▶ **Try it**:
Your output should be the lines below from the one with "24/7 courier service Udaipurwati to Polasara" through the one with "Penguin at Georgia", copied exactly, pictures excluded.

▶ **Available data**:
Content starts

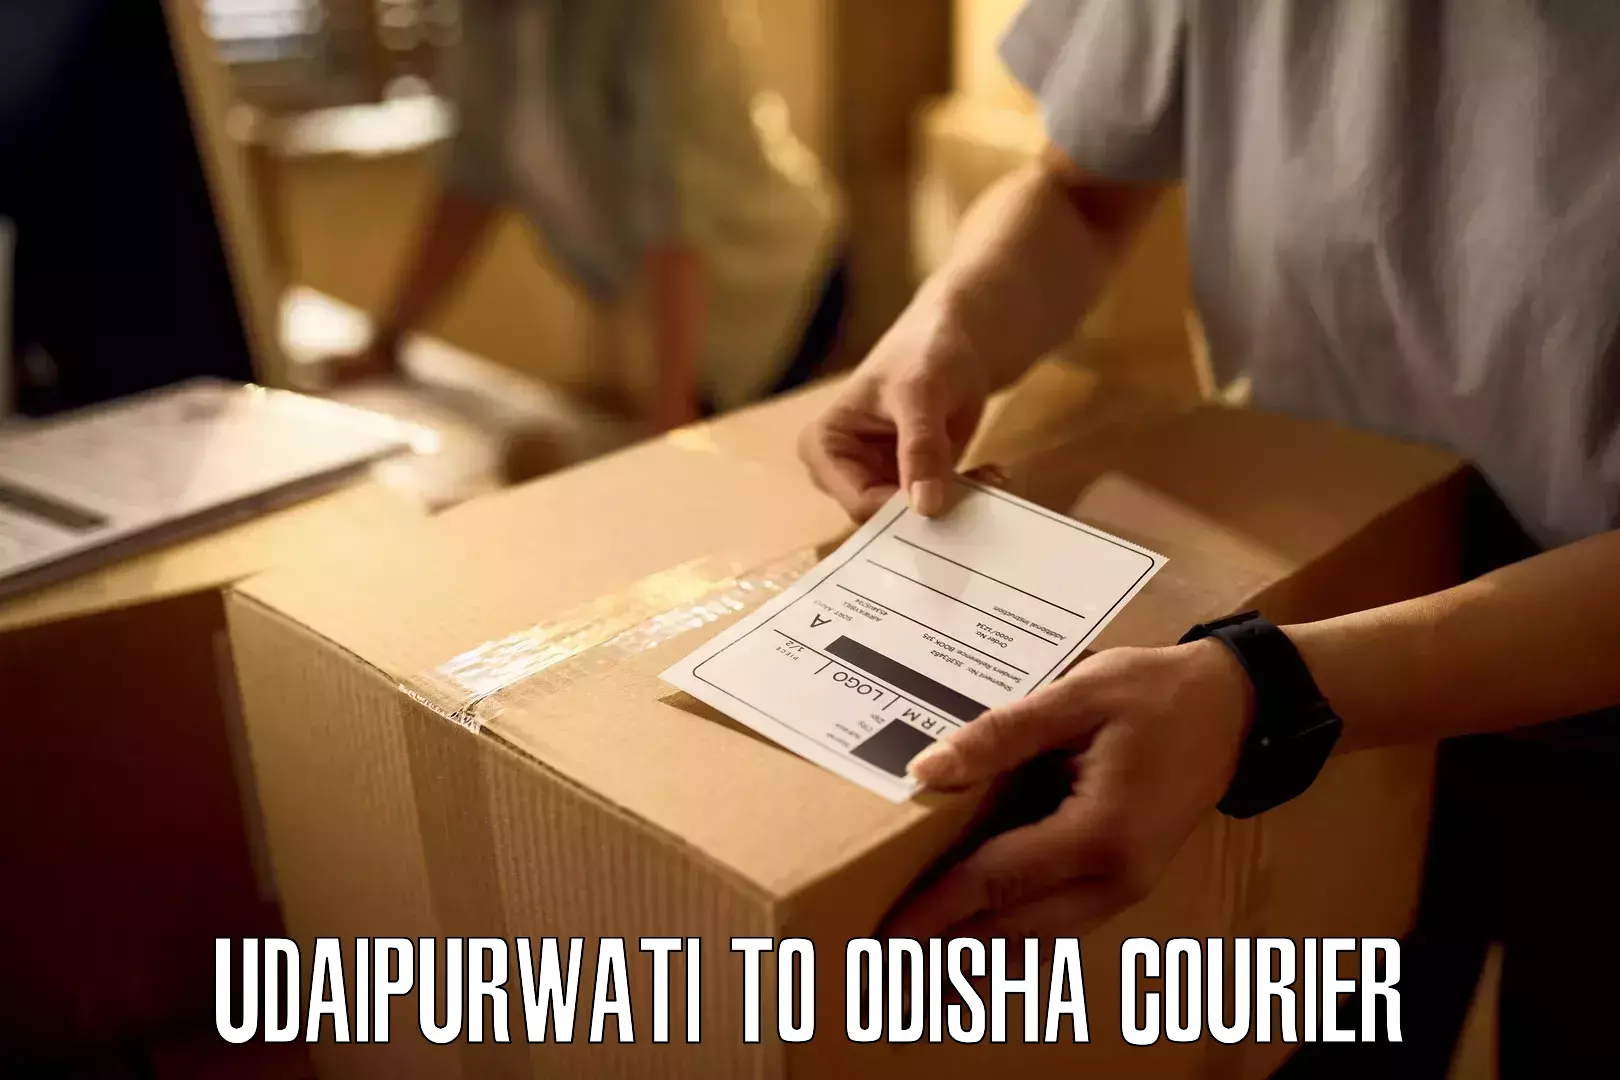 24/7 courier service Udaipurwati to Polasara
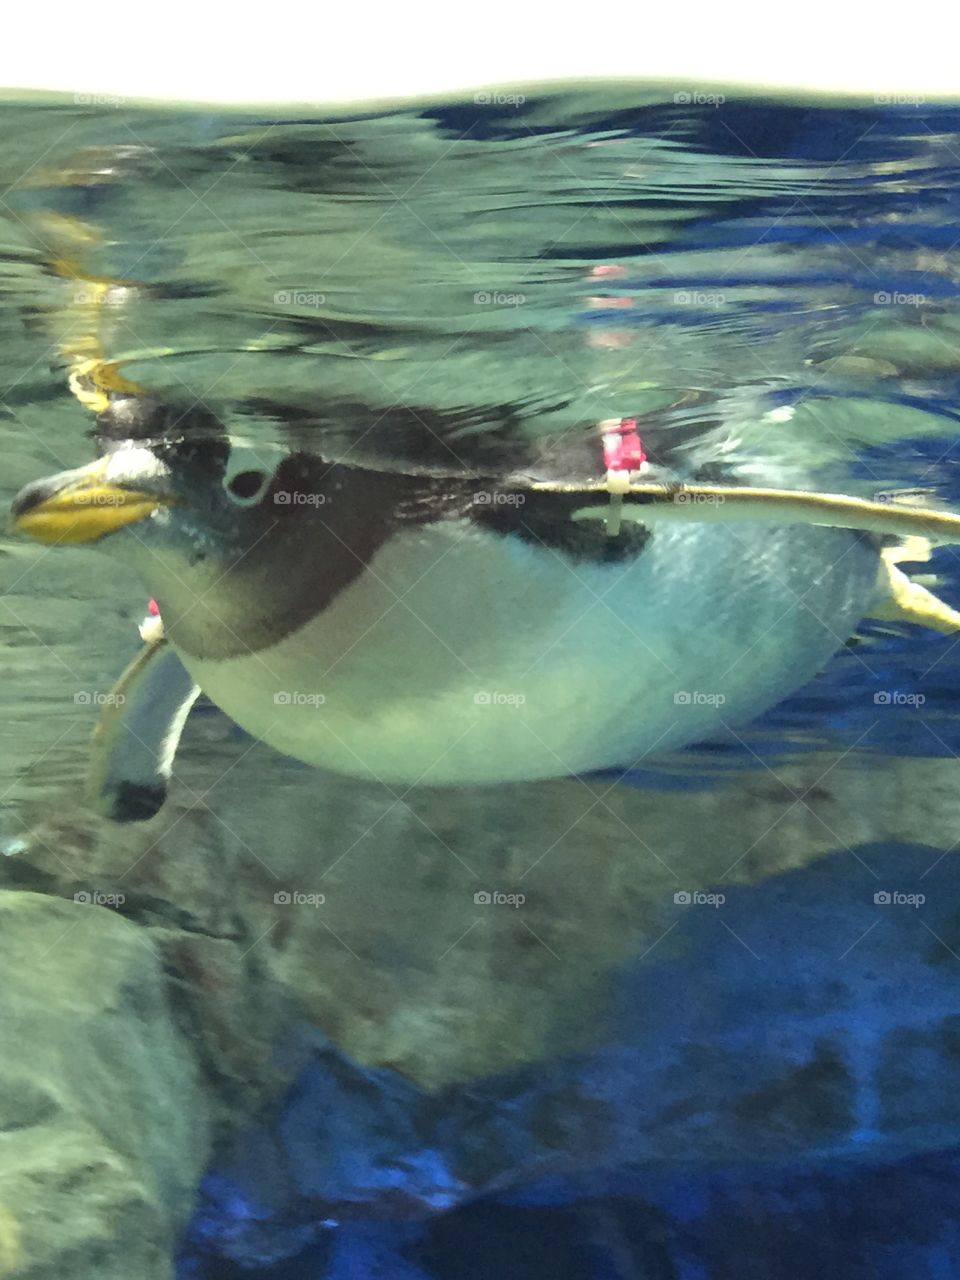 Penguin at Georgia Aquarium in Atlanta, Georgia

Content ends
Content starts

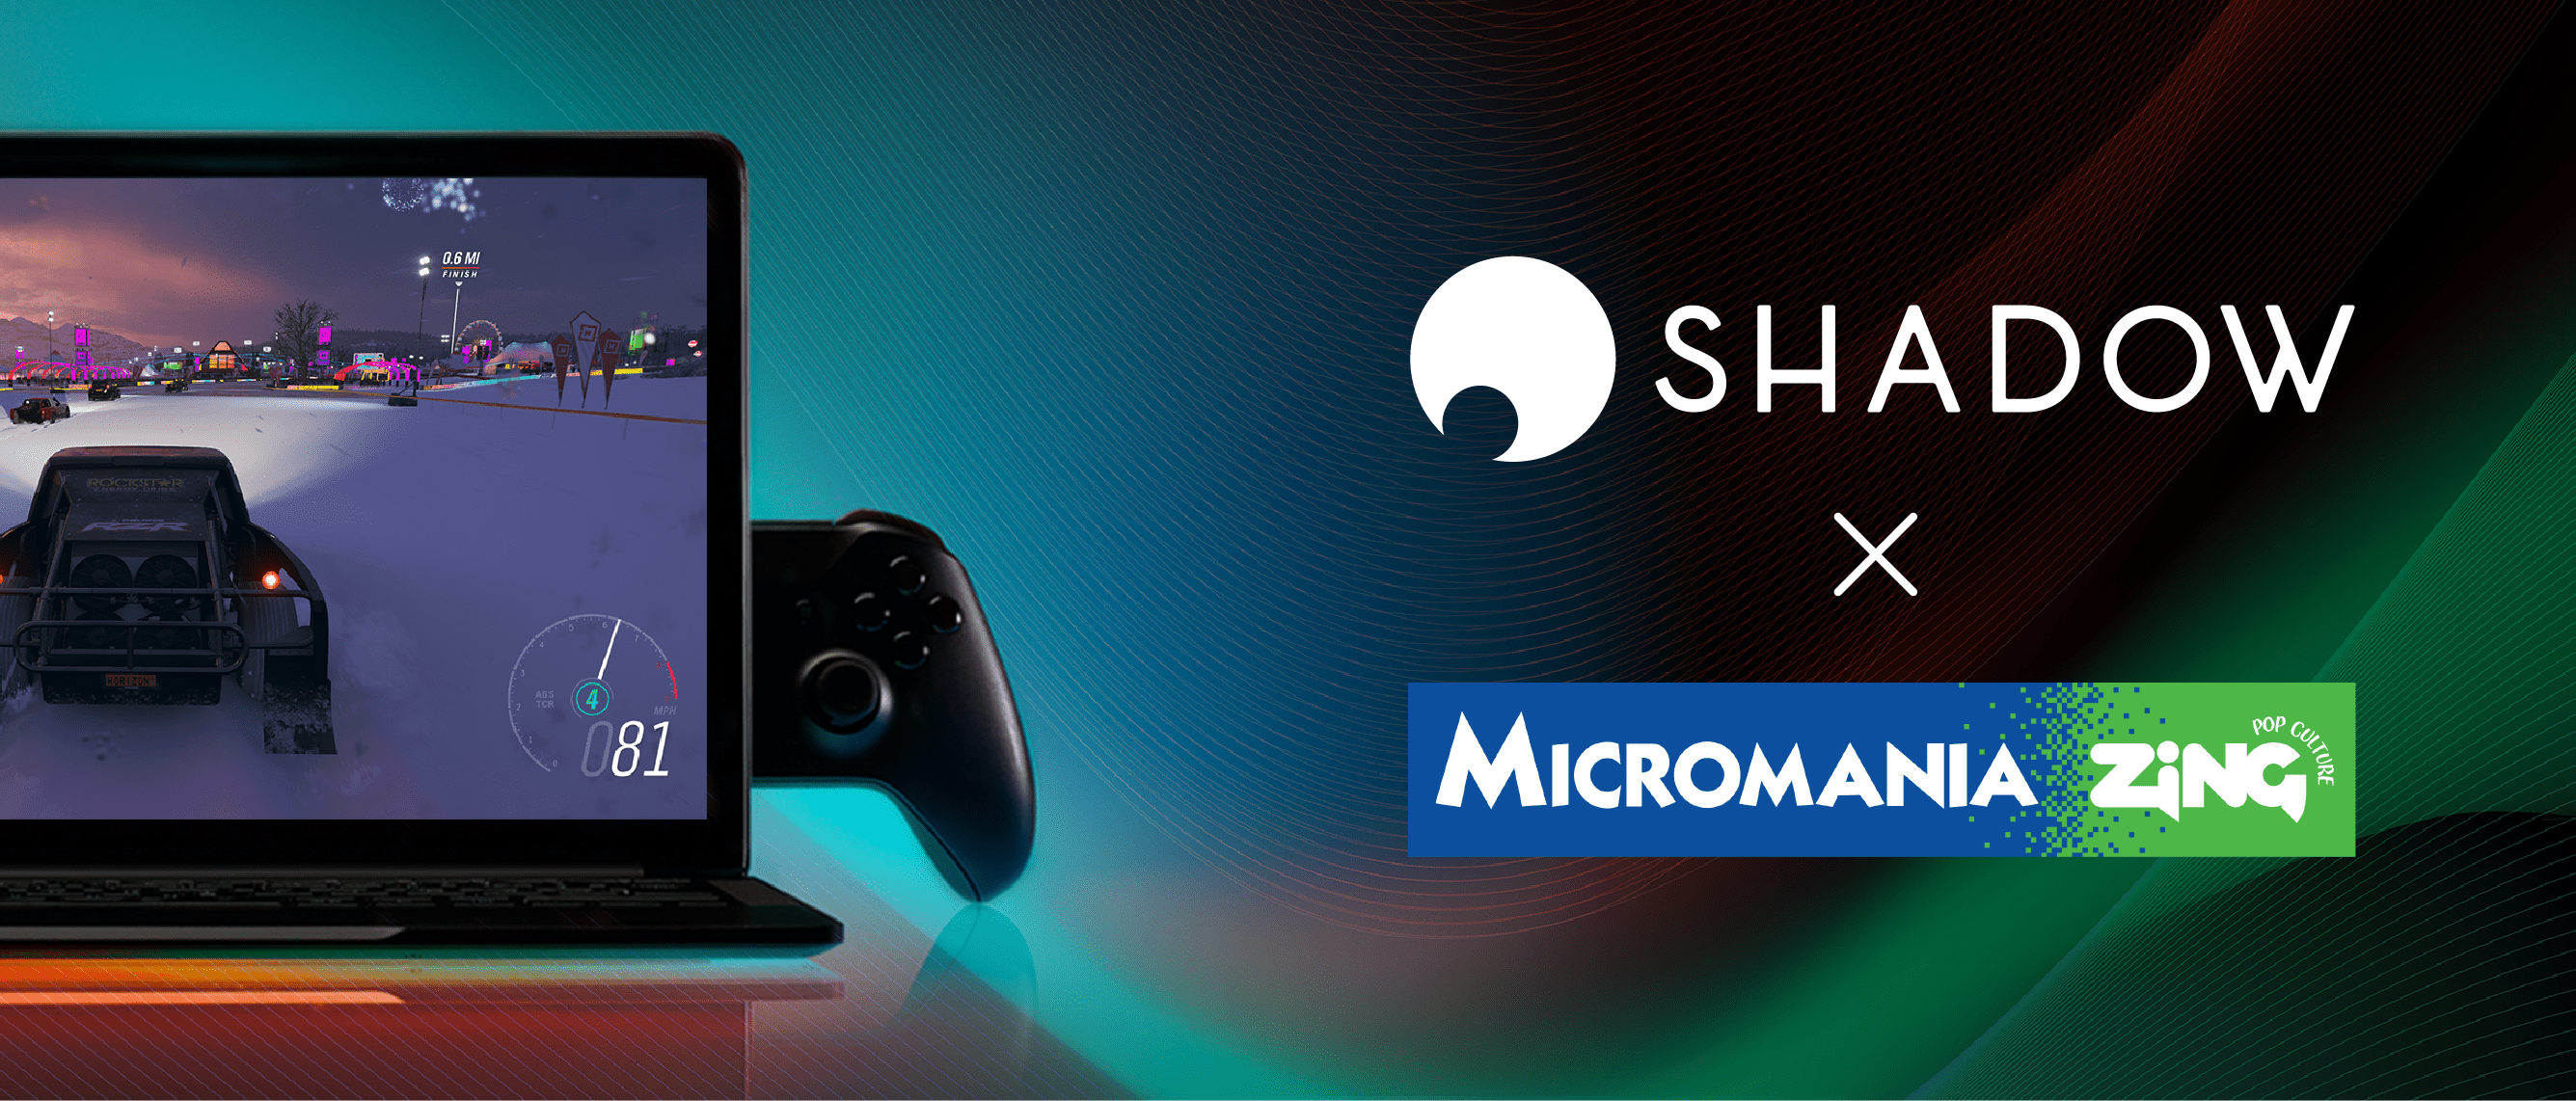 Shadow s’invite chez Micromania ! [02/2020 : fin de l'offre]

Content ends
Content starts

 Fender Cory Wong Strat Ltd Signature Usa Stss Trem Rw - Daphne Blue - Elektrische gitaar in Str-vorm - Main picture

Content ends

▶ **Written response**:
 24/7 courier service Udaipurwati to Polasara
 Penguin at Georgia Aquarium in Atlanta, Georgia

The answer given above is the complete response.